Copy the data that follows exactly, and include none of its images.

BEGIN Given material

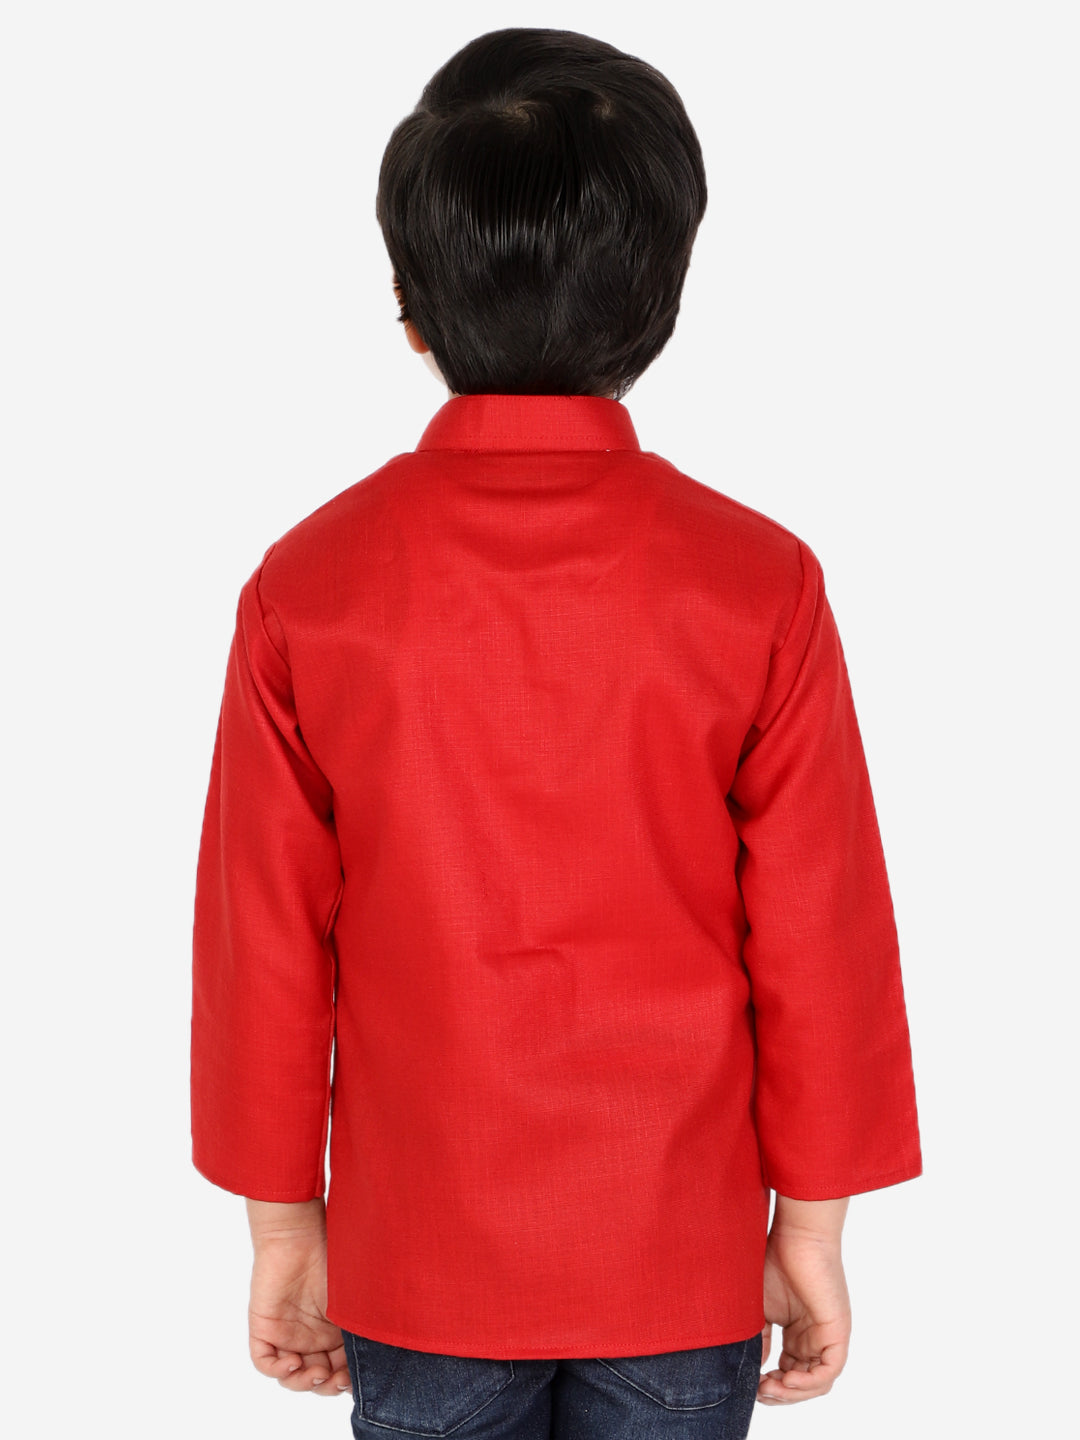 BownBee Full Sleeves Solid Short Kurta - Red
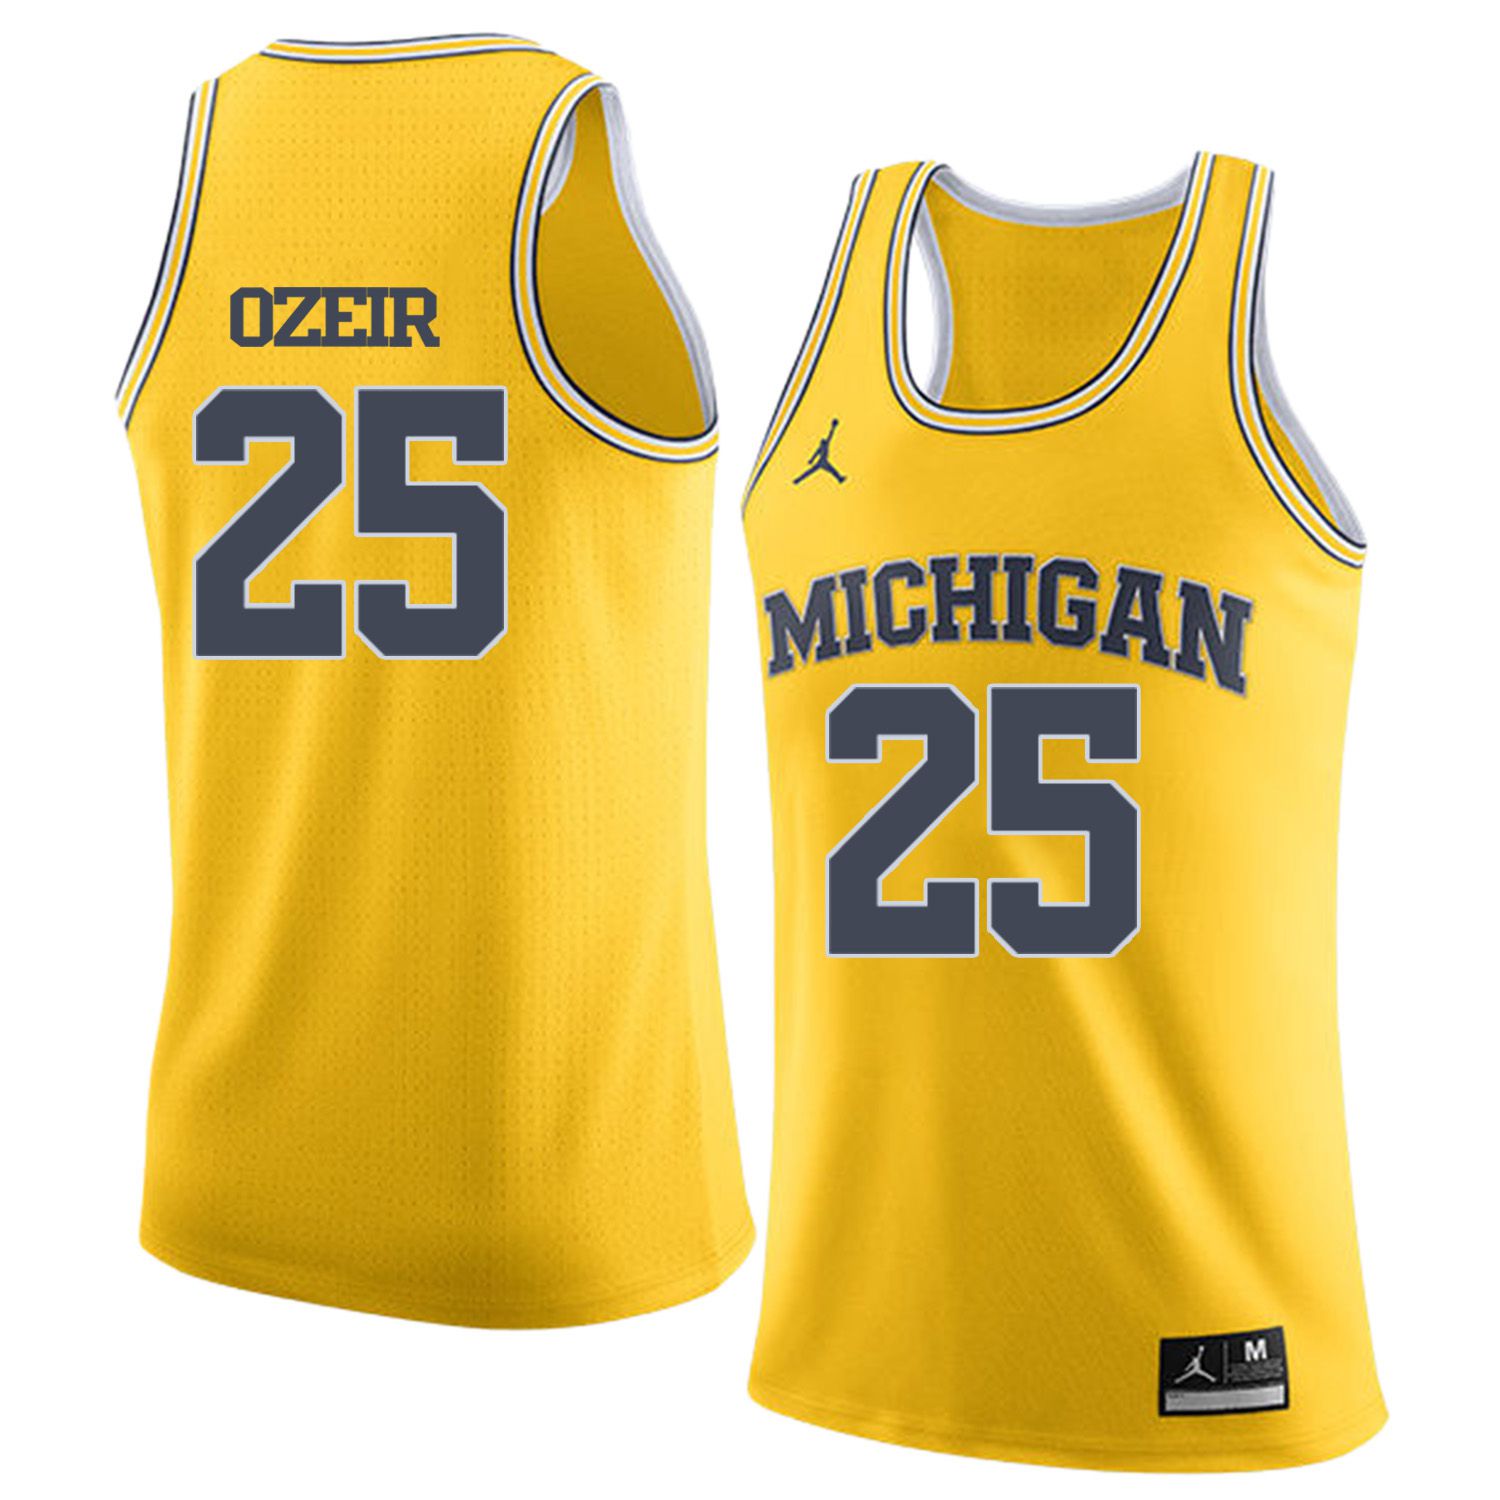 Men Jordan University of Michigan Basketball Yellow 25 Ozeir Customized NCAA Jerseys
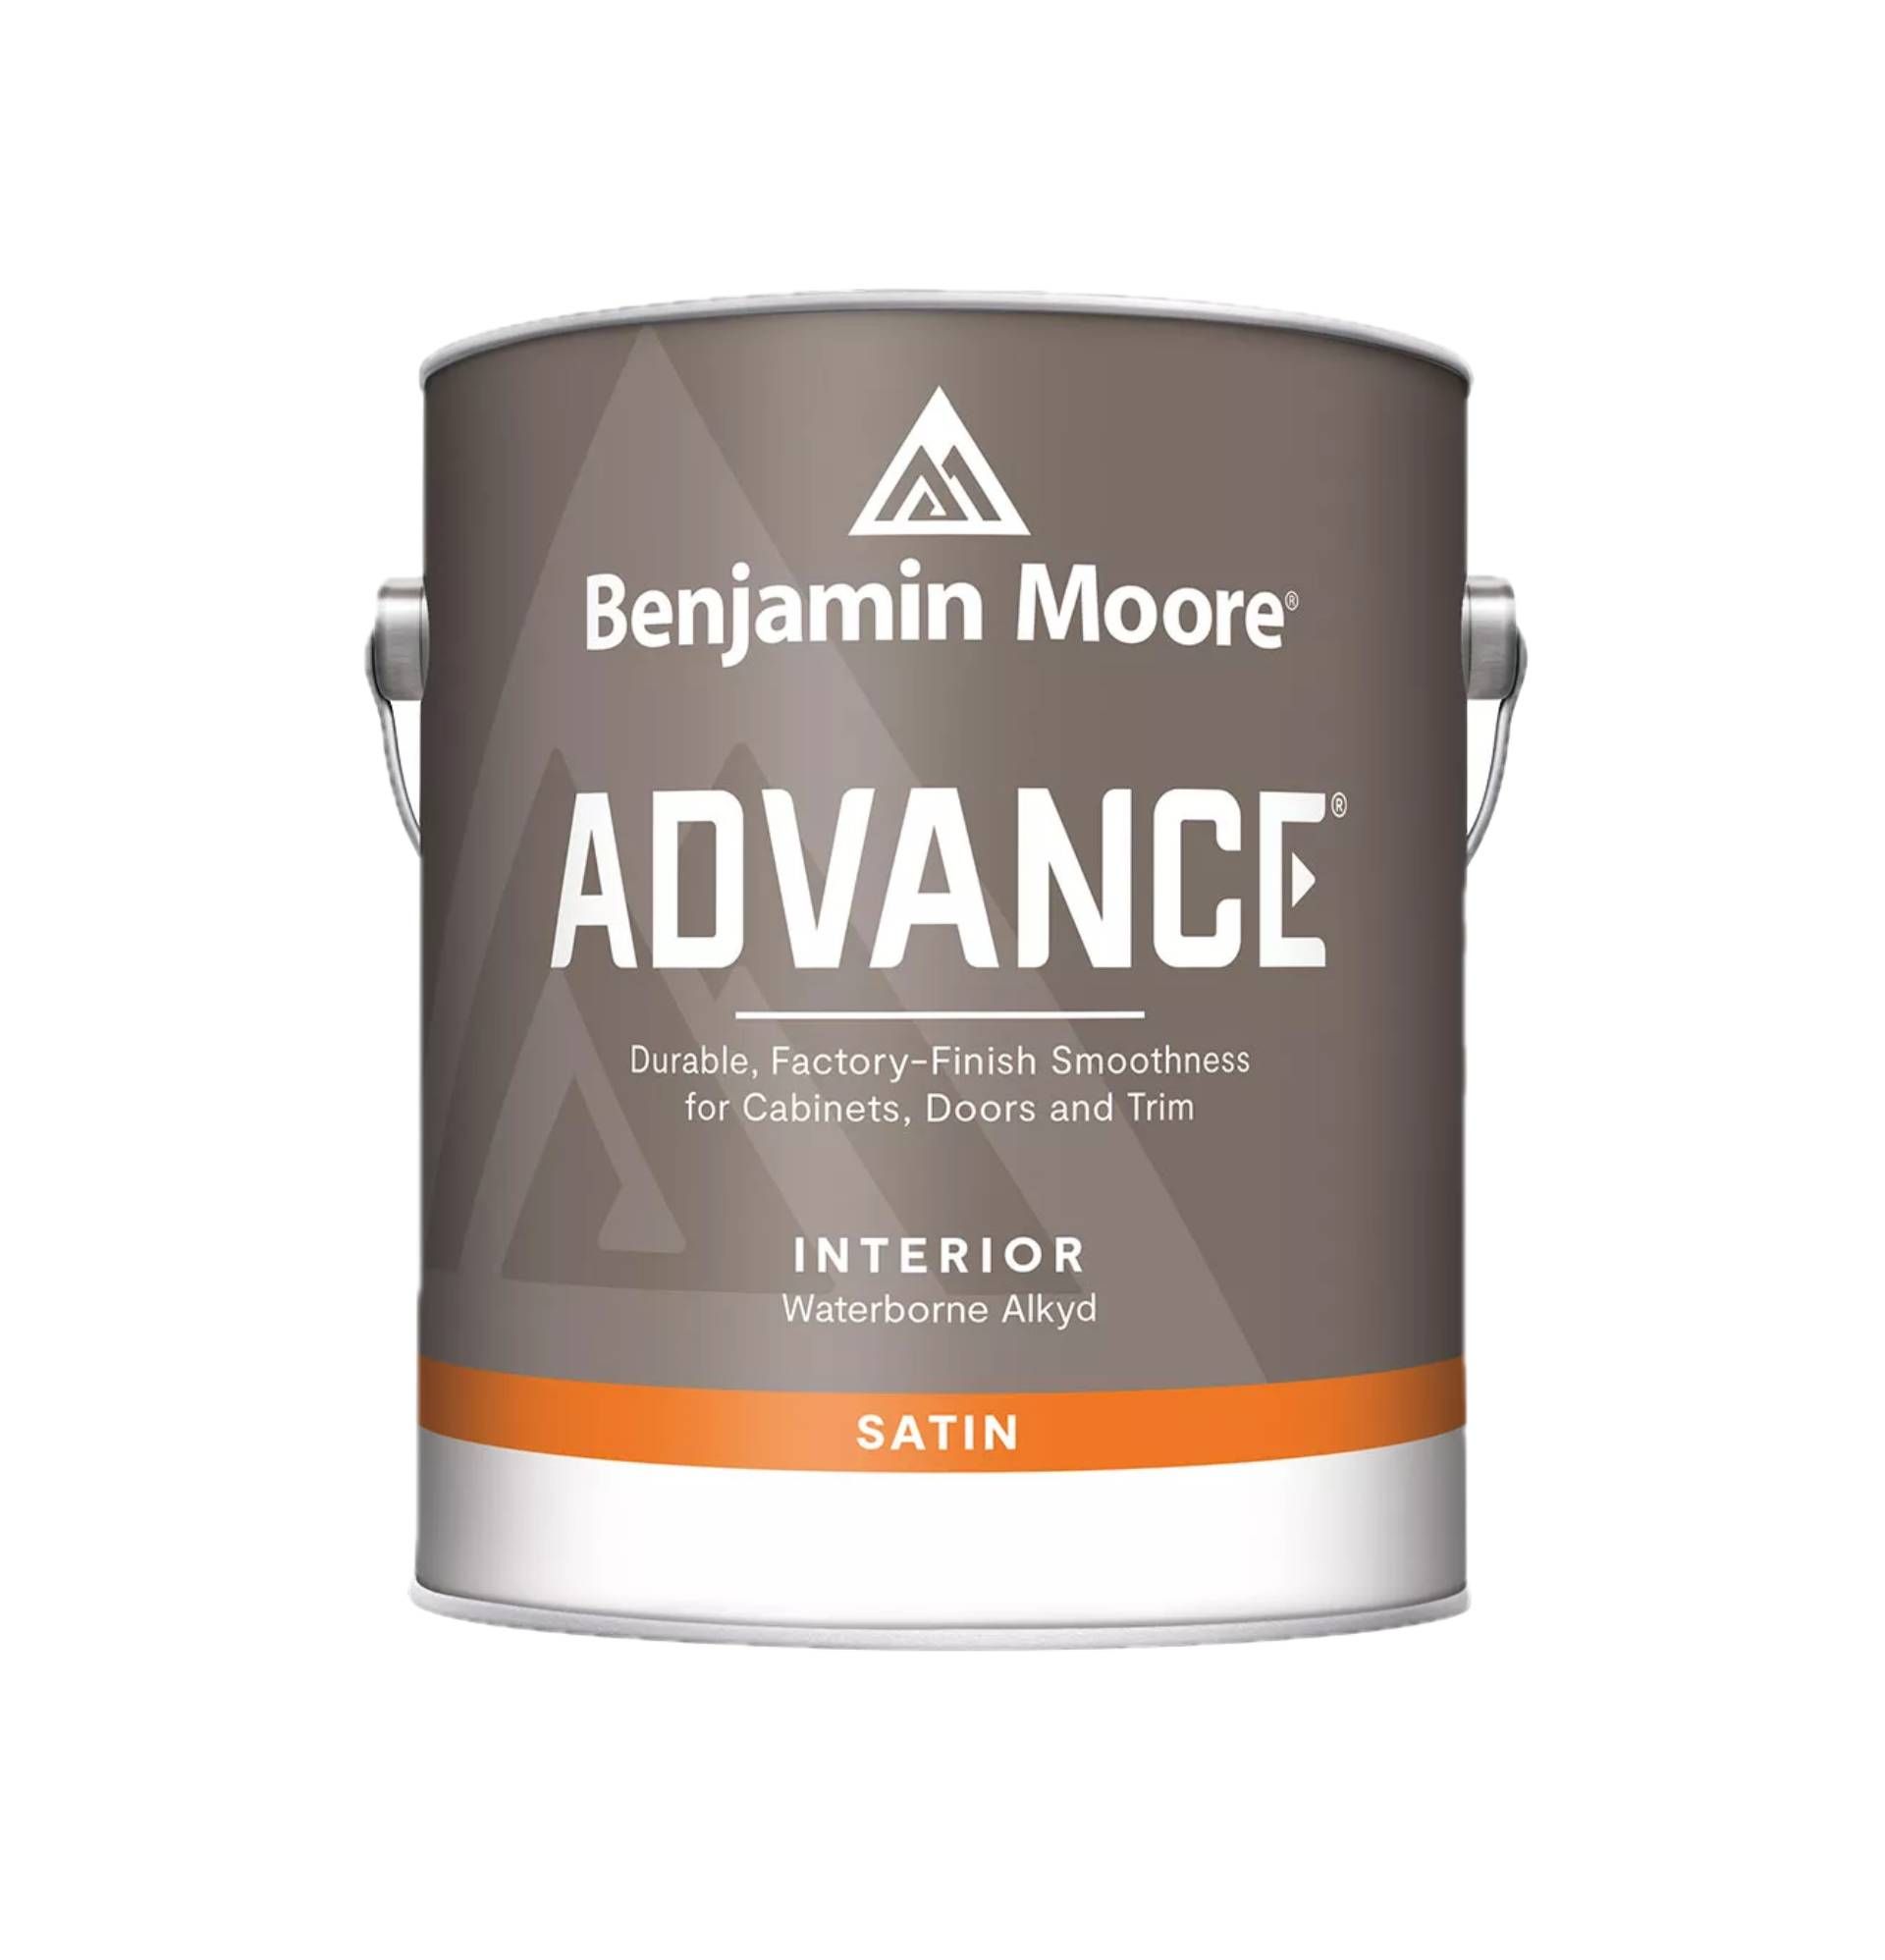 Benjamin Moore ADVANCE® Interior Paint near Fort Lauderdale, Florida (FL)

END Given material

> **Task response**:
 BownBee Full Sleeves Solid Short Kurta - Red
 Men Jordan University of Michigan Basketball Yellow 25 Ozeir Customized NCAA Jerseys
 Benjamin Moore ADVANCE® Interior Paint near Fort Lauderdale, Florida (FL)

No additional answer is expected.